This agent uses a local Ollama instance, the ReAct orchestration pattern, and no tools, memory, or guardrails. Everything beyond this minimal definition is optional.

Below is a complete agent definition with every available field documented:

apiVersion: astromesh/v1
kind: Agent
metadata:
name: sales-qualifier # Unique identifier — used in API routes (/v1/agents/sales-qualifier/run)

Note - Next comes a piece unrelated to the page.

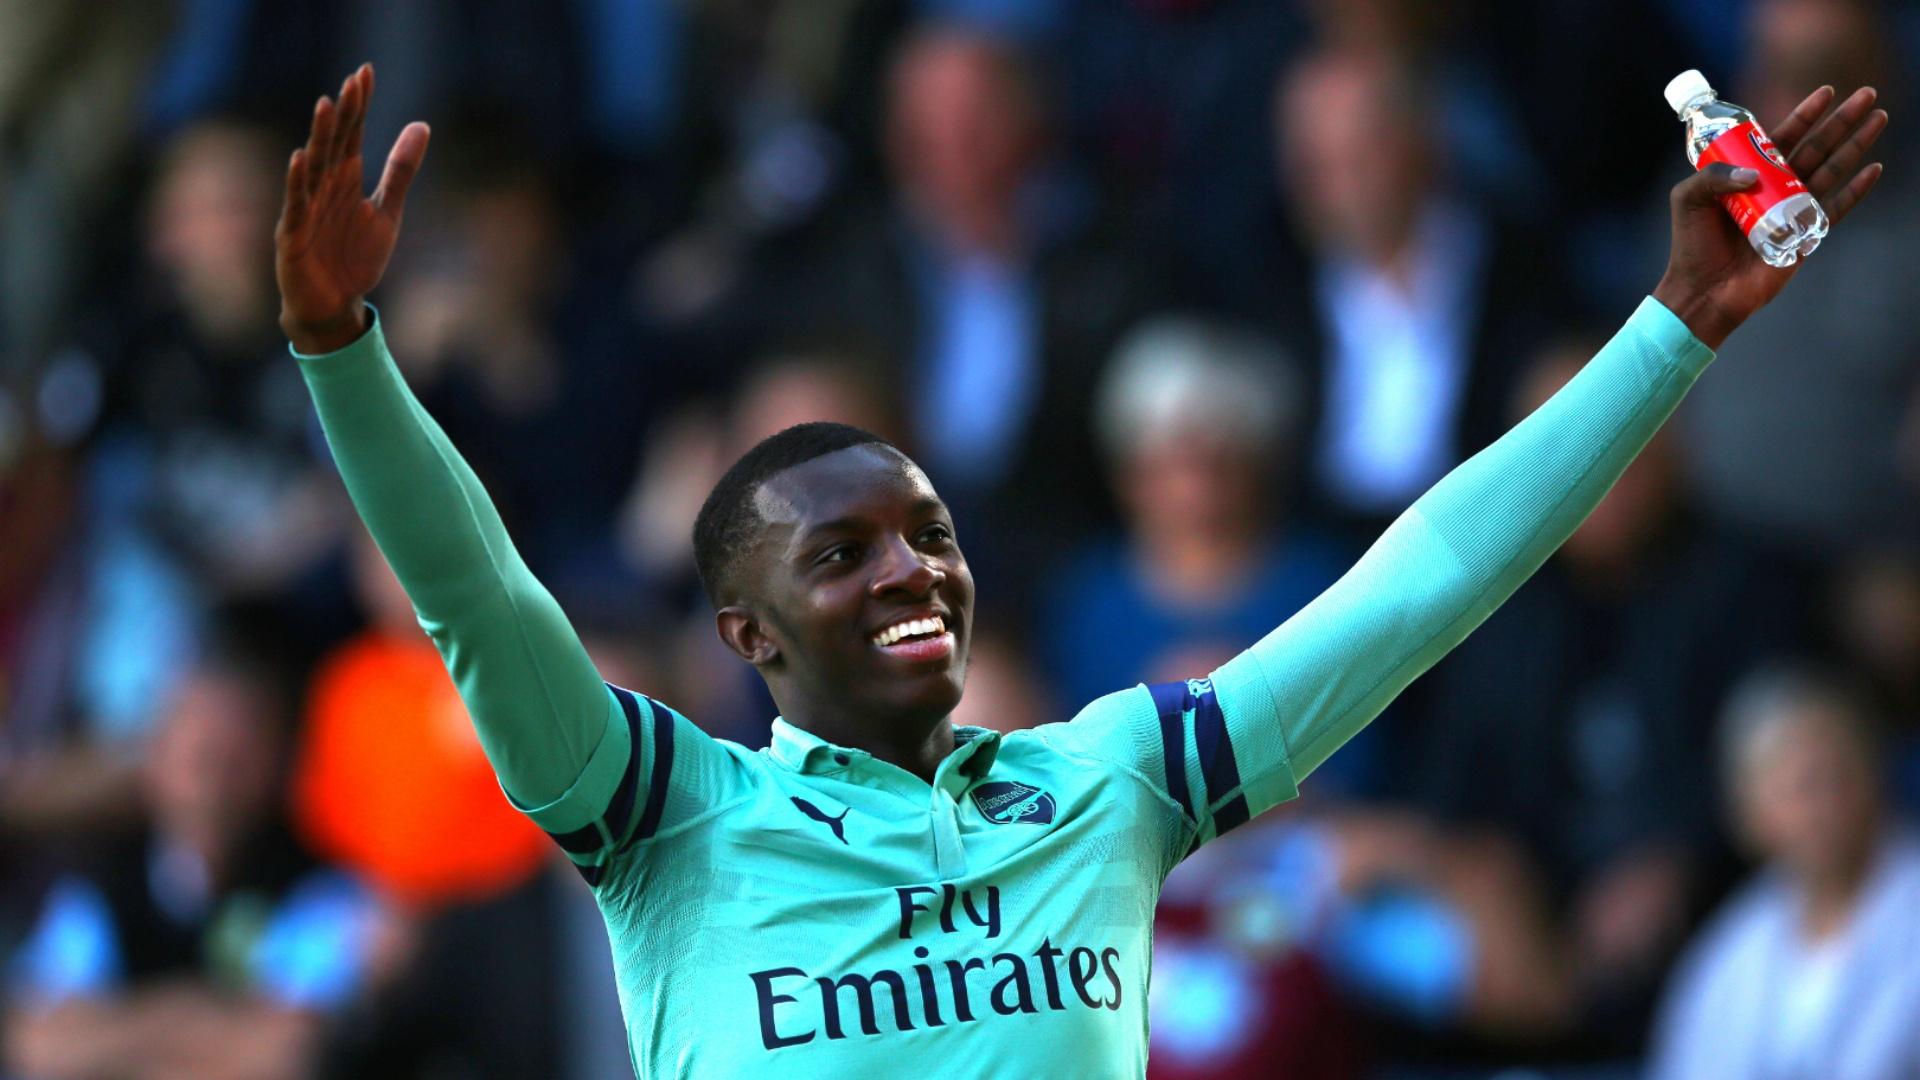 Arsenal boss Arteta impressed with Nketiah's development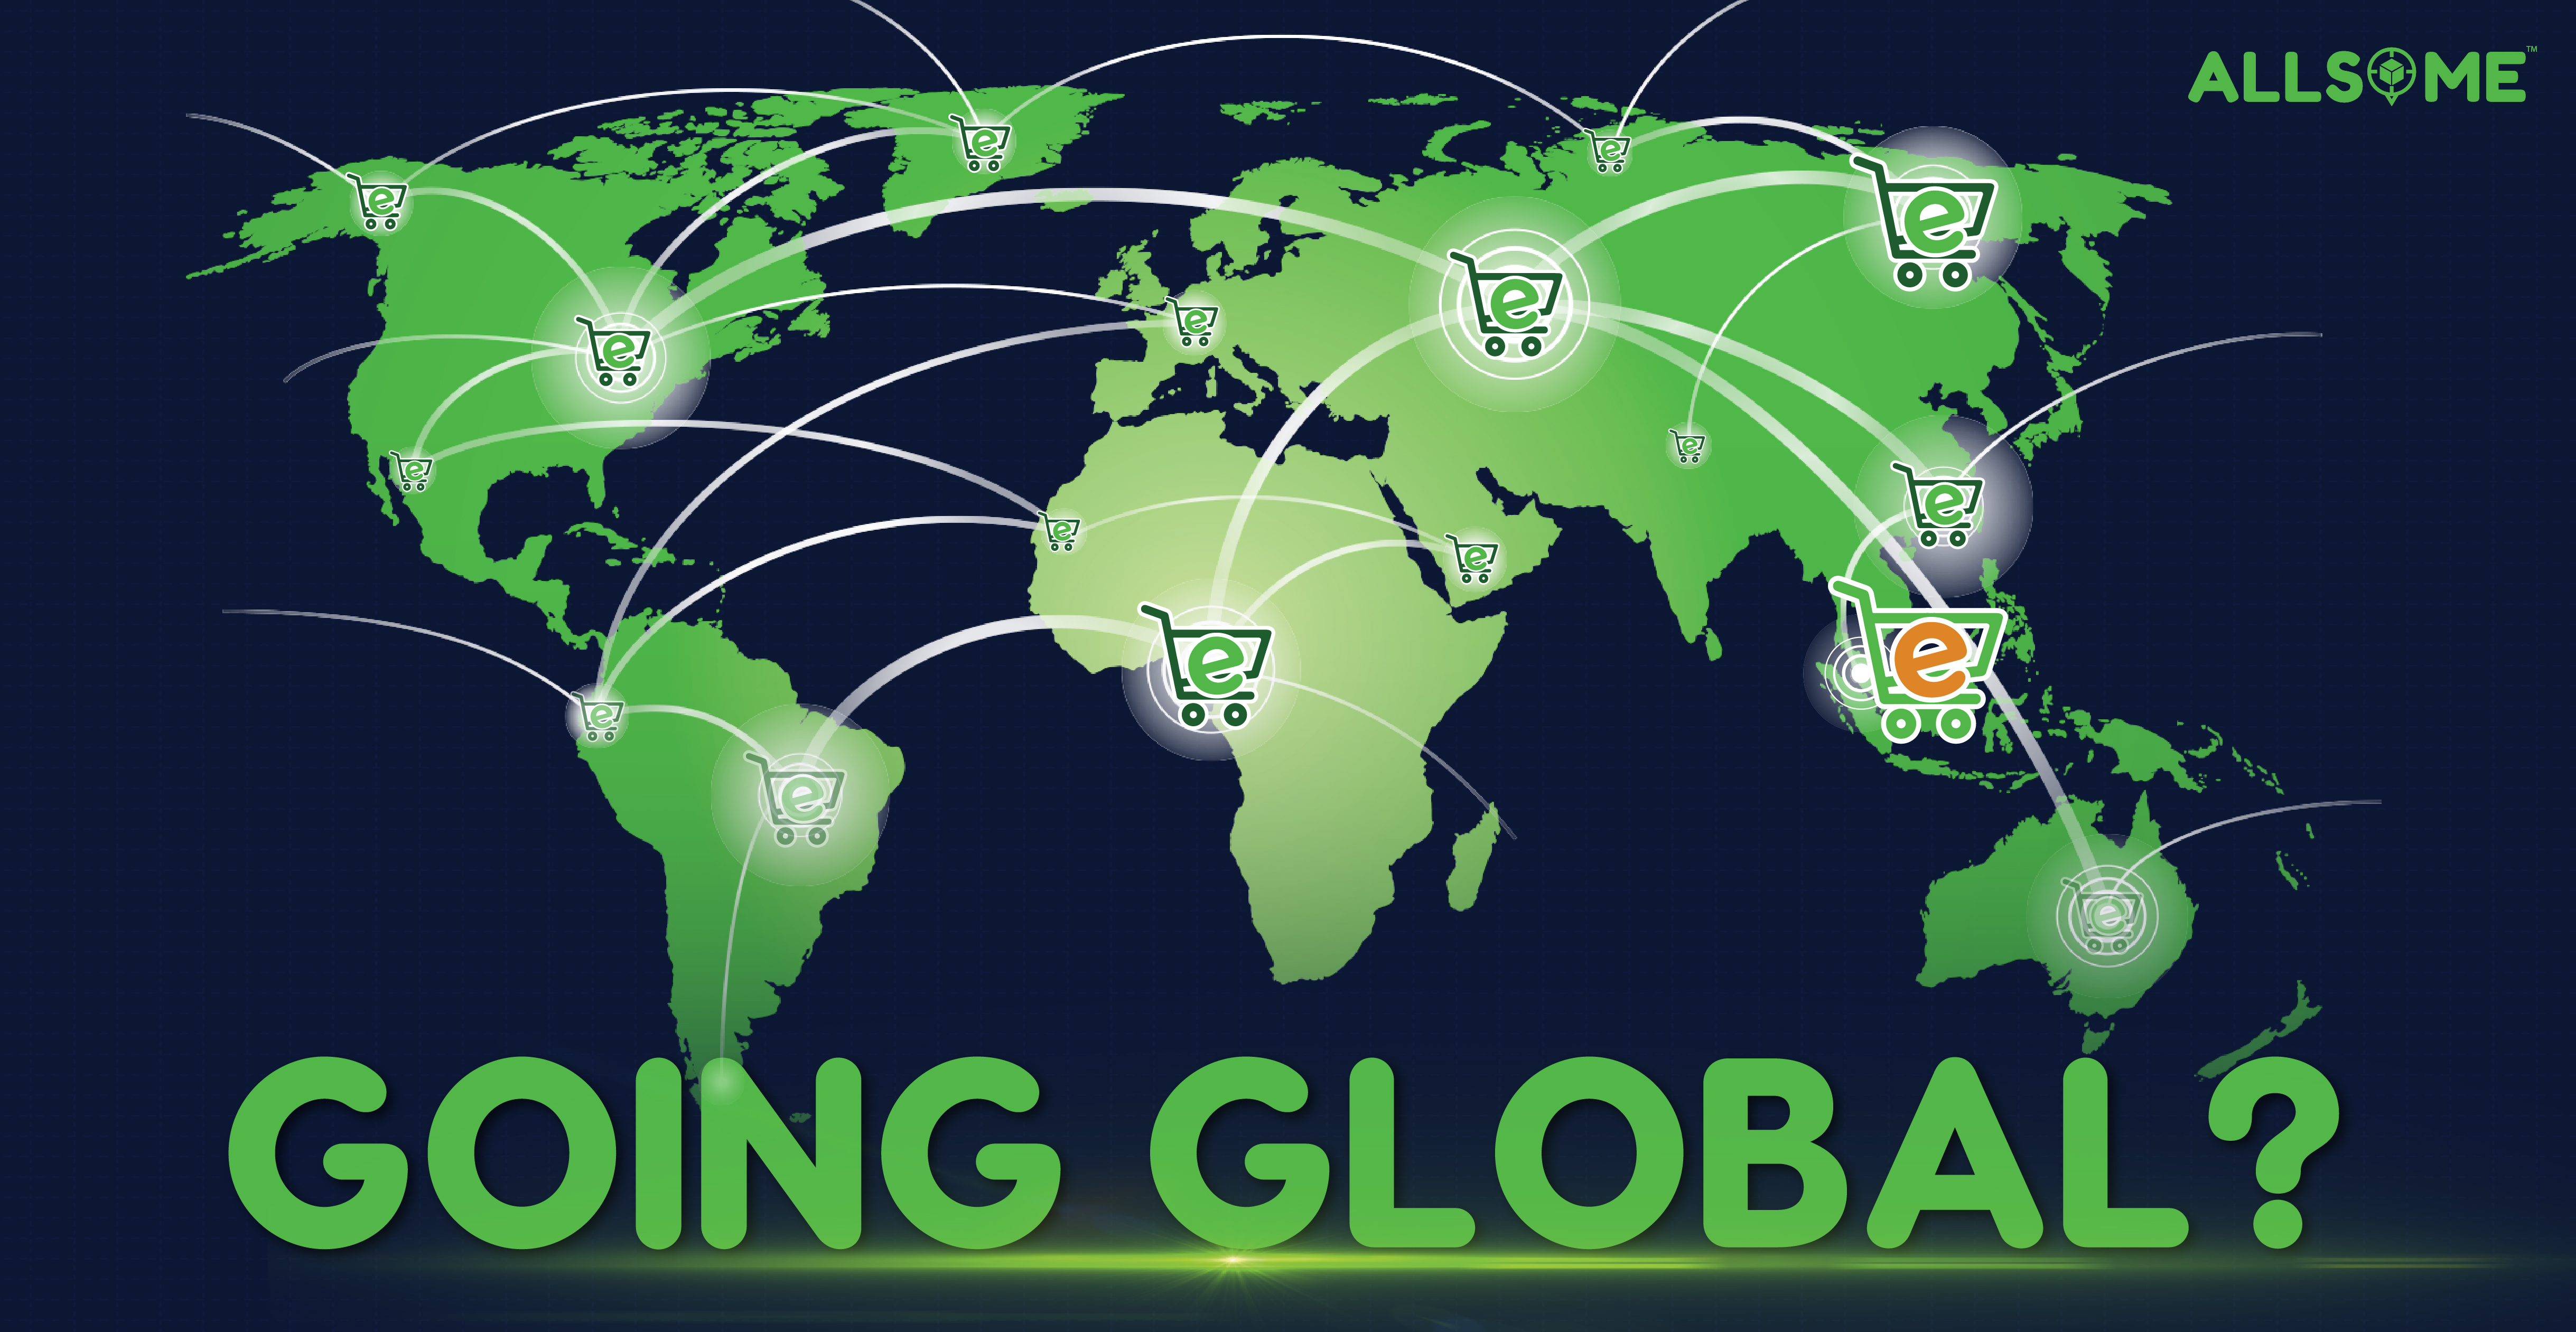 AllSome_GoingGlobal-01

version: "1.0.0" # Semantic version for tracking changes
namespace: sales # Logical grouping (informational, not enforced)
labels: # Arbitrary key-value pairs for filtering and organization
team: revenue
tier: production
spec:
# --- Identity ---
identity:
display_name: "Sales Lead Qualifier" # Human-readable name shown in UIs
description: "Qualifies incoming sales leads using BANT methodology"
avatar: "sales-bot" # Optional avatar identifier
# --- Model Selection ---
model:
primary:
provider: ollama # Provider type (must match a key in providers.yaml)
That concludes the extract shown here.